Alibaba launches multi-modal large model mPLUG-Owl3, which can watch a 2-hour movie in 4 seconds

Author：Eve Cole Update Time：2024-12-22 11:32:01

Alibaba’s latest general-purpose multimodal large model mPLUG-Owl3 has set off a storm in the field of artificial intelligence with its powerful multimodal understanding capabilities and amazing reasoning efficiency. It can understand 2 hours of video content in 4 seconds and accurately answer various questions raised by users, demonstrating excellent performance in image, video and text understanding. This technological breakthrough is not only a milestone in academia, but also heralds a future change in the way AI interacts with humans.

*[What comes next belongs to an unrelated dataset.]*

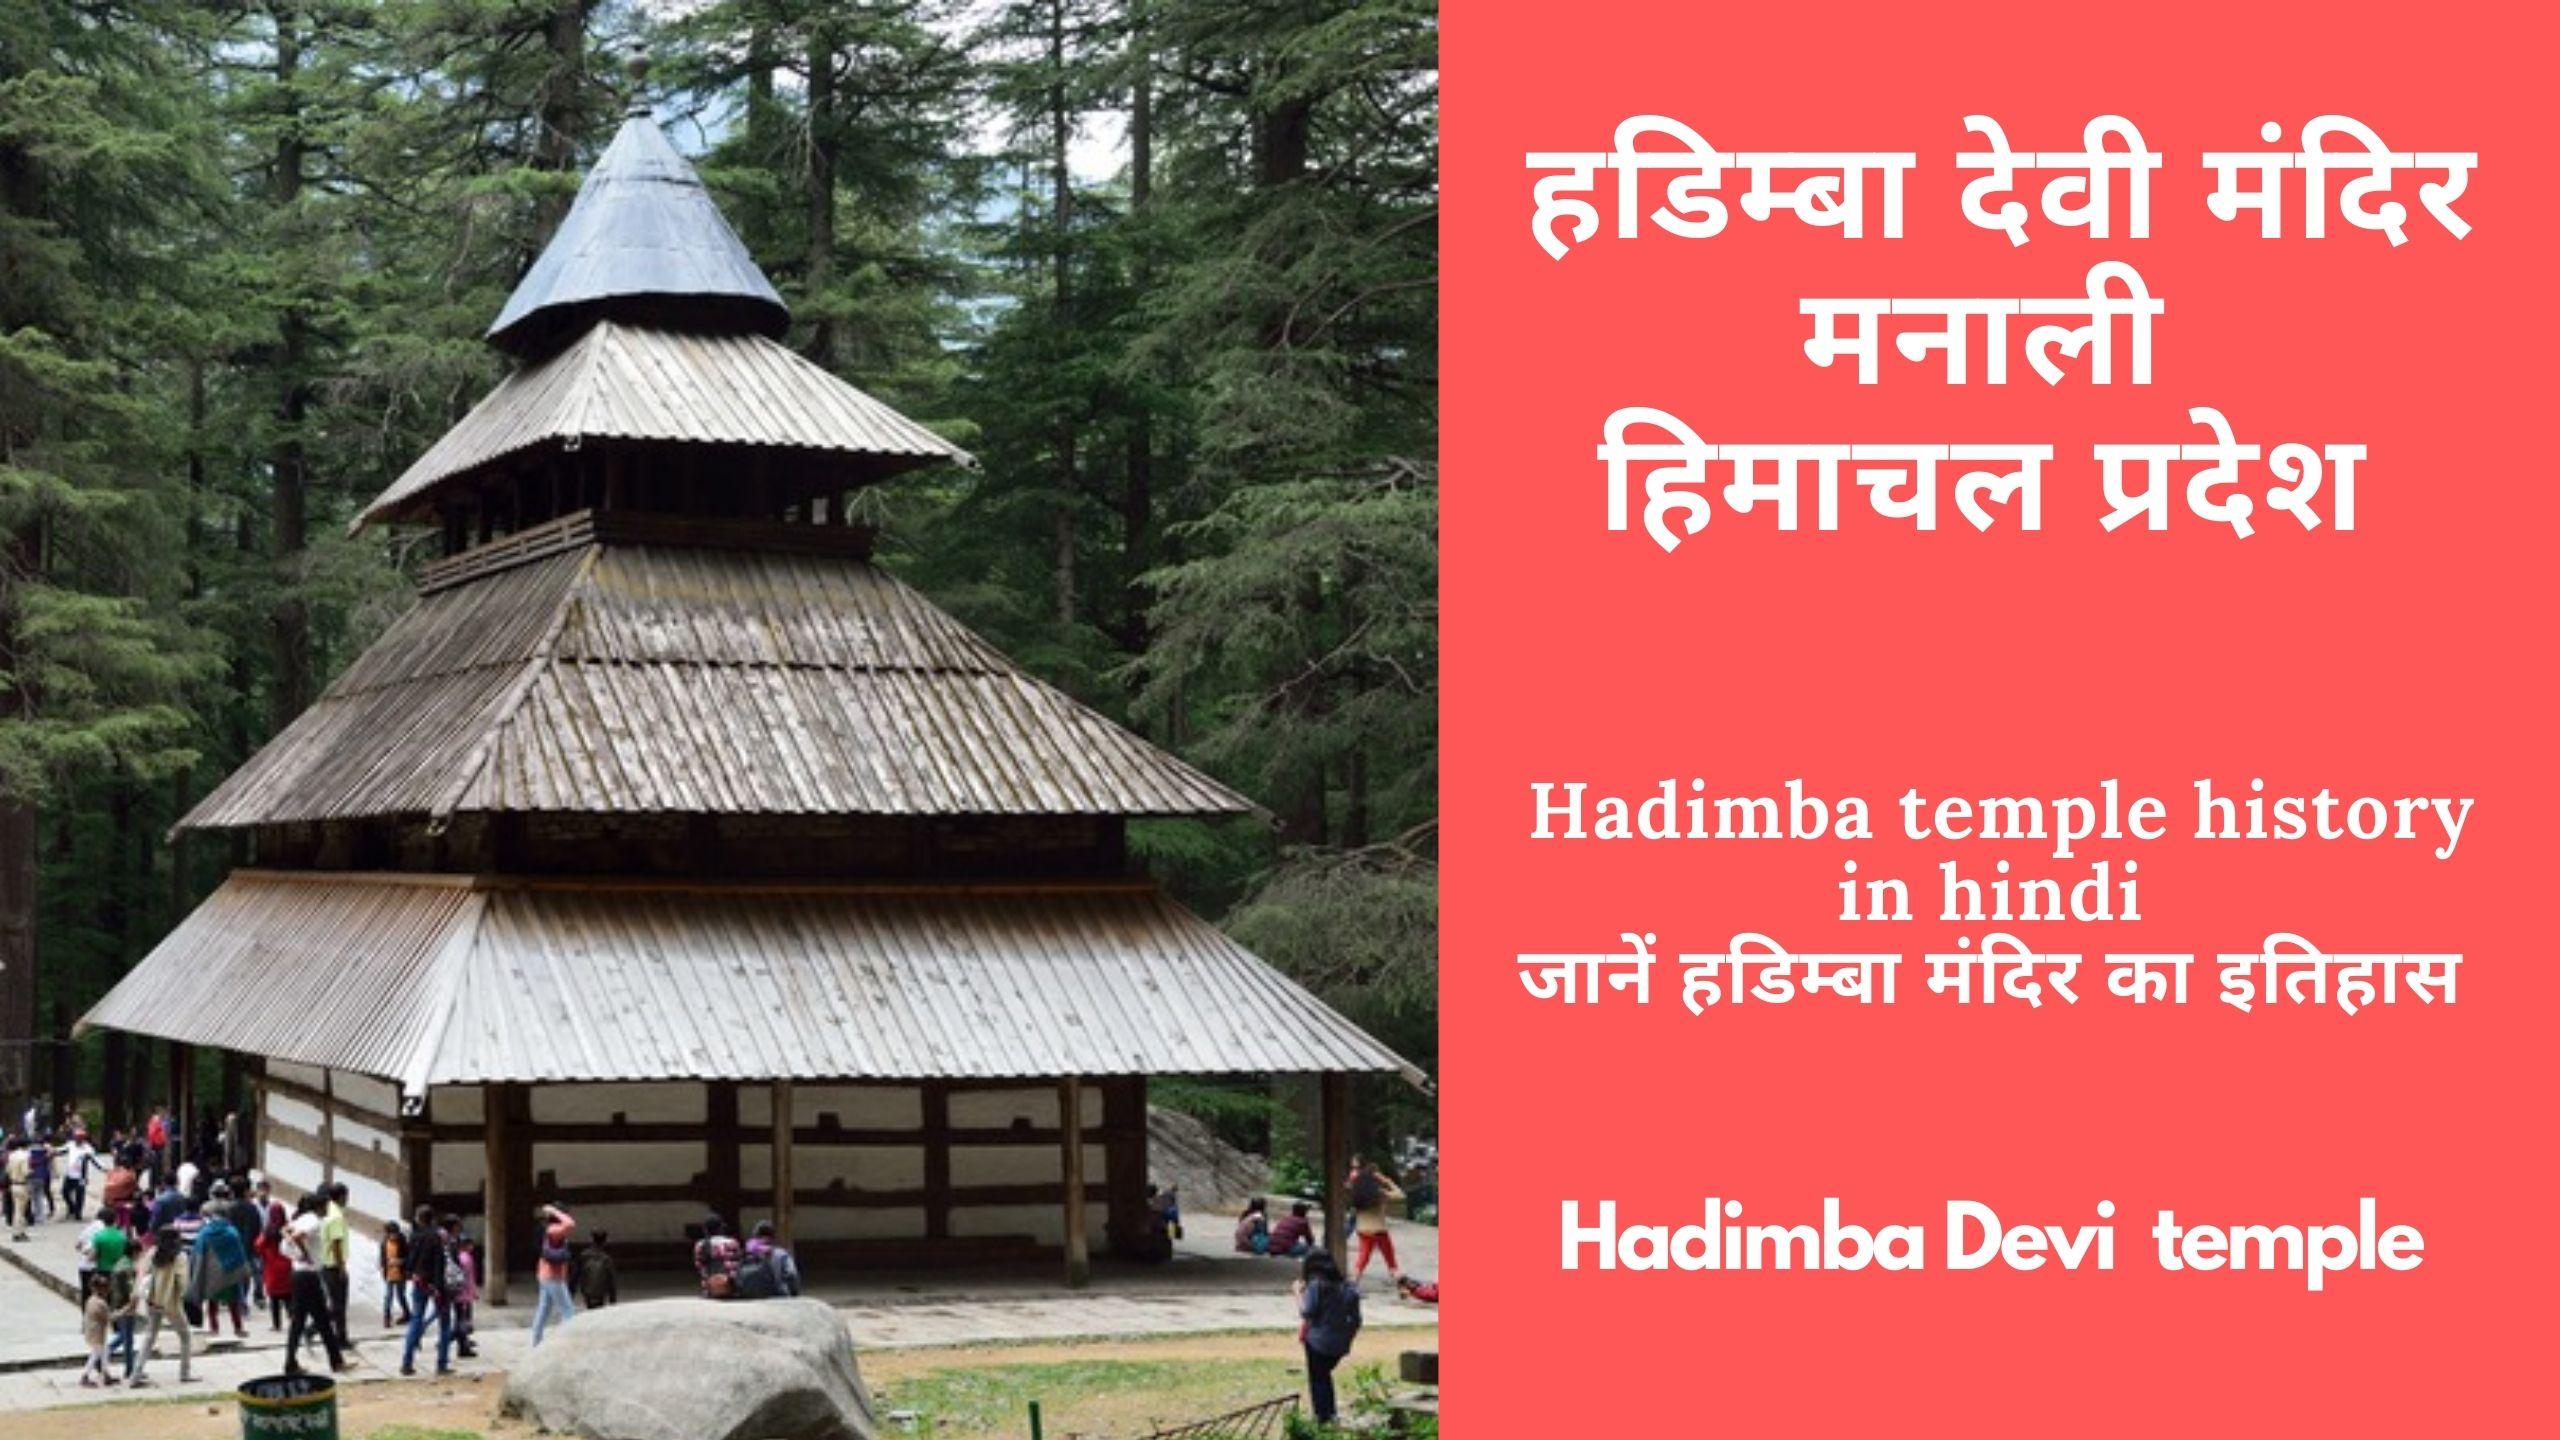 Hadimba temple history in hindi

In this era of information explosion, we use pictures and videos to record our lives and share our happiness every day. But have you ever thought about what would happen if there was a technology that allowed machines to not only understand these pictures and videos like humans, but also communicate with us in depth?

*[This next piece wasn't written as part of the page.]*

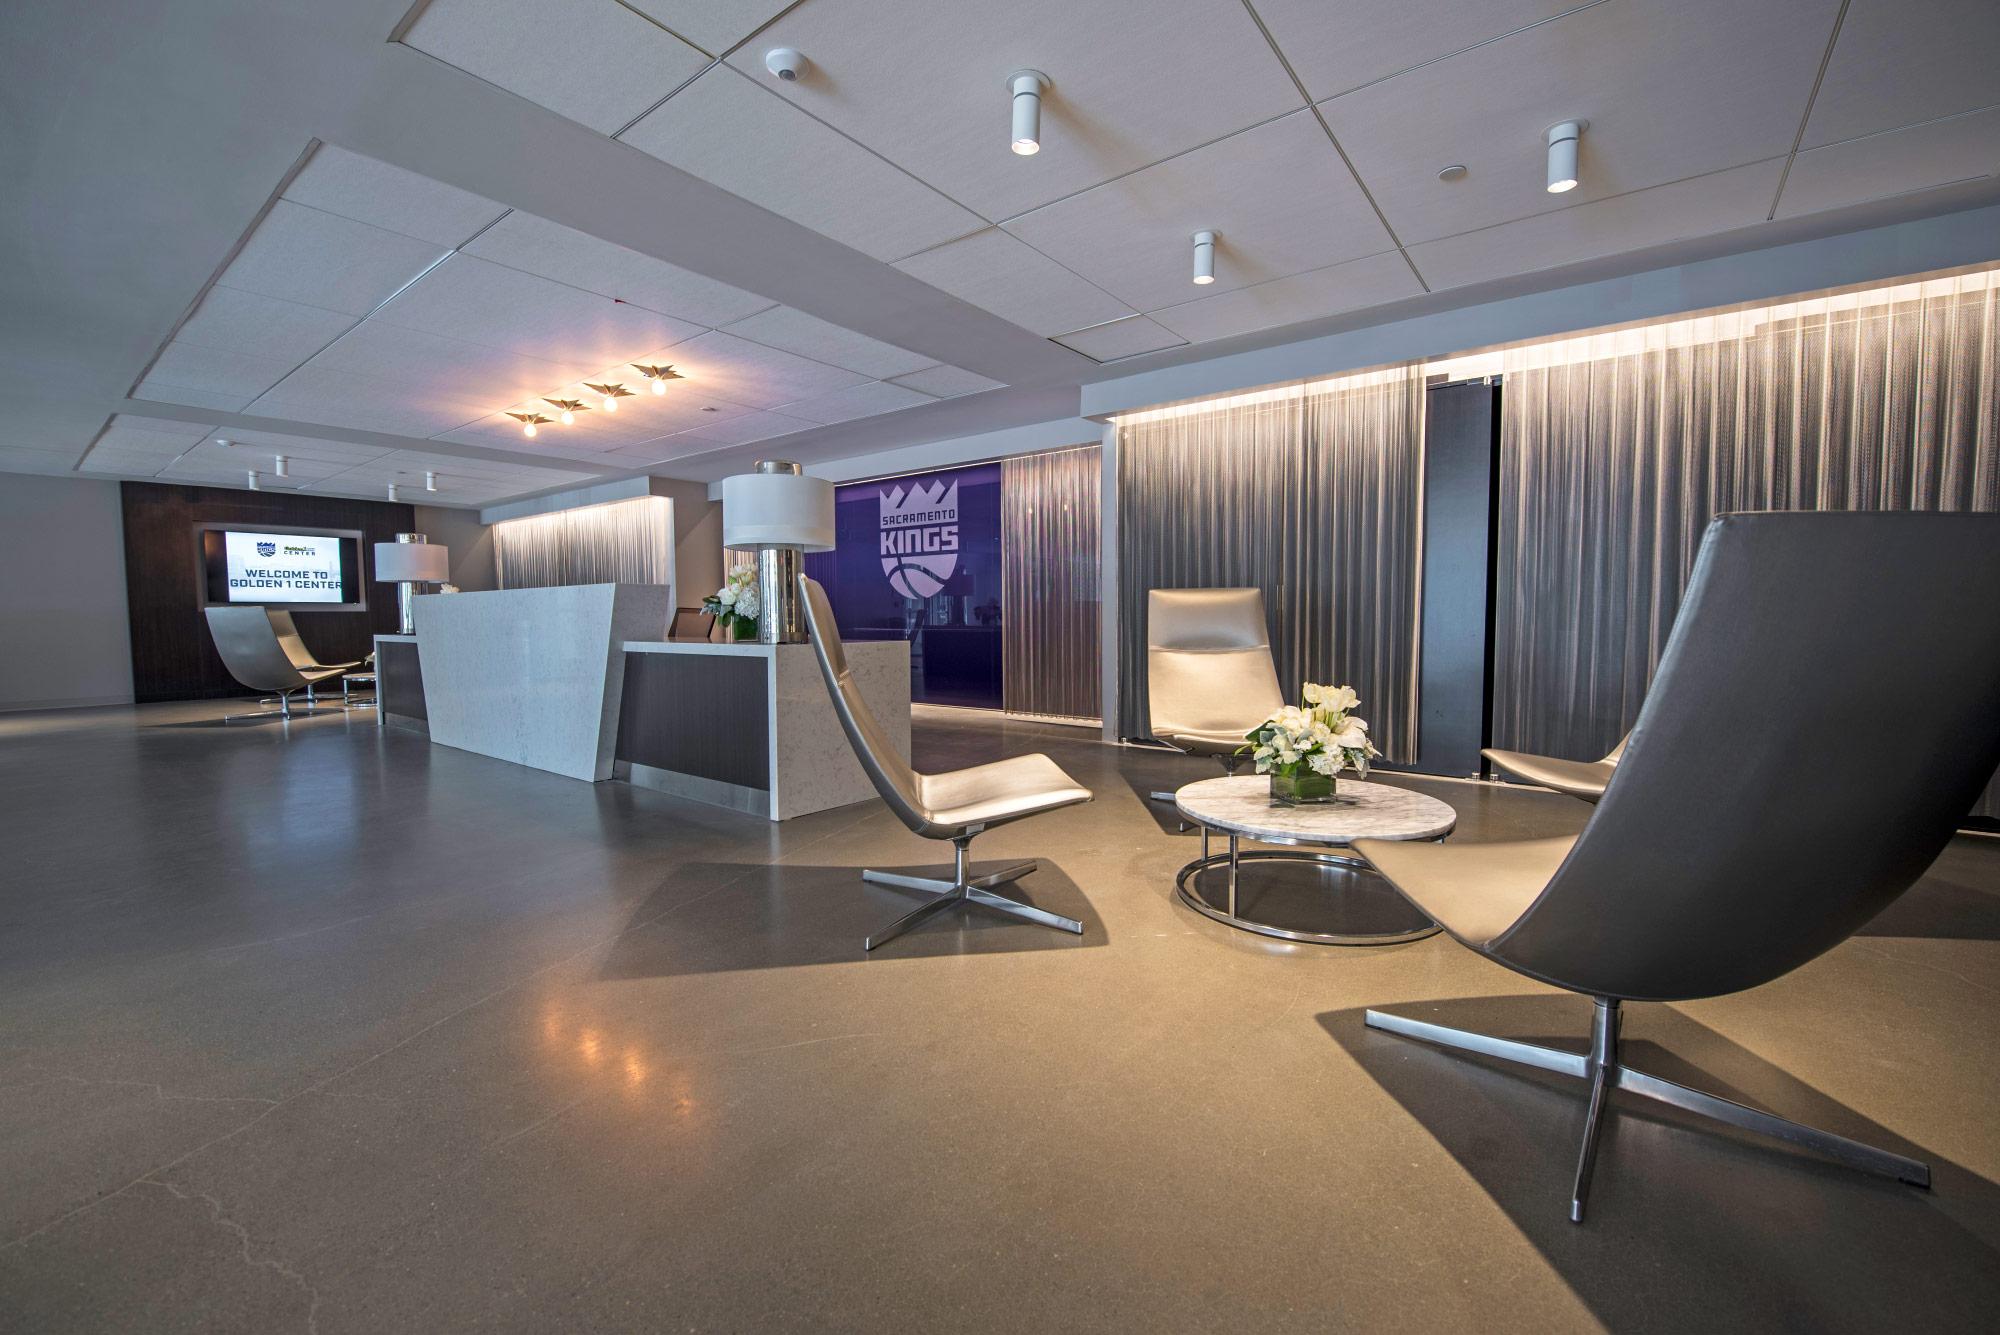 VIP entrance lounge area

The latest general-purpose multi-modal large model mPLUG-Owl3 released by the Alibaba team, with its amazing efficiency and understanding ability, allows us to watch a 2-hour movie in 4 seconds! This is not just a model, but more like It is an AI assistant that can see, listen, speak, and think.

mPLUG-Owl3, the name sounds like an owl wearing glasses, smart and alert. Its core capability is the understanding of long image sequences. Whether it’s a series of photos or a video, it can understand the content and even understand the storyline.

In order to allow mPLUG-Owl3 to process so much information, the researchers equipped it with a super brain-hyper-attention module. This module is like a super brain for AI, capable of processing visual and language information at the same time, allowing AI to understand both images and related text information.

The mPLUG-Owl3 model has made a major breakthrough in the field of multi-modal understanding with its excellent reasoning efficiency. It not only reaches SOTA (State of the Art) in multi-scenario benchmarks such as single image, multi-image, video, etc., but also reduces the First Token Latency by 6 times, and the number of images that can be processed by a single A100 graphics card increases by 8 times, reaching 400 sheets.

mPLUG-Owl3 can accurately understand the incoming multi-modal knowledge and use it to answer questions. It can even tell you which piece of knowledge it bases its judgment on, as well as the detailed basis for its judgment.

mPLUG-Owl3 can correctly understand the content relationships in different materials and conduct in-depth reasoning. Whether it's stylistic differences or character recognition, it handles it all with ease.

mPLUG-Owl3 is able to watch and understand videos up to 2 hours long and can start answering user questions within 4 seconds, no matter which part of the video the question involves.

mPLUG-Owl3 uses a lightweight Hyper Attention module to expand the Transformer Block into a new module capable of graphic and text feature interaction and text modeling. This design greatly reduces the number of additional new parameters introduced, making the model easier to train, and the training and inference efficiency is also improved.

Experimenting on a wide range of data sets, mPLUG-Owl3 achieves SOTA results on most single-image multi-modal benchmarks. In multi-image evaluations, it surpasses models specifically optimized for multi-image scenarios. On LongVideoBench, it surpassed existing models, showing its excellent ability in long video understanding.

The release of Alibaba mPLUG-Owl3 is not only a technological leap, but also provides new possibilities for the application of multi-modal large models. As the technology continues to improve, we look forward to mPLUG-Owl3 bringing more surprises in the future.

Paper address: https://arxiv.org/pdf/2408.04840

Code: https://github.com/X-PLUG/mPLUG-Owl/tree/main/mPLUG-Owl3

Online experience: https://huggingface.co/spaces/mPLUG/mPLUG-Owl3

The emergence of mPLUG-Owl3 marks a new stage in the development of multi-modal large model technology. Its efficient processing capabilities and accurate understanding capabilities open up broad prospects for future AI technology applications. I believe that as the technology continues to mature, mPLUG-Owl3 will bring more convenience and surprises to people’s lives. Looking forward to more innovative applications based on mPLUG-Owl3.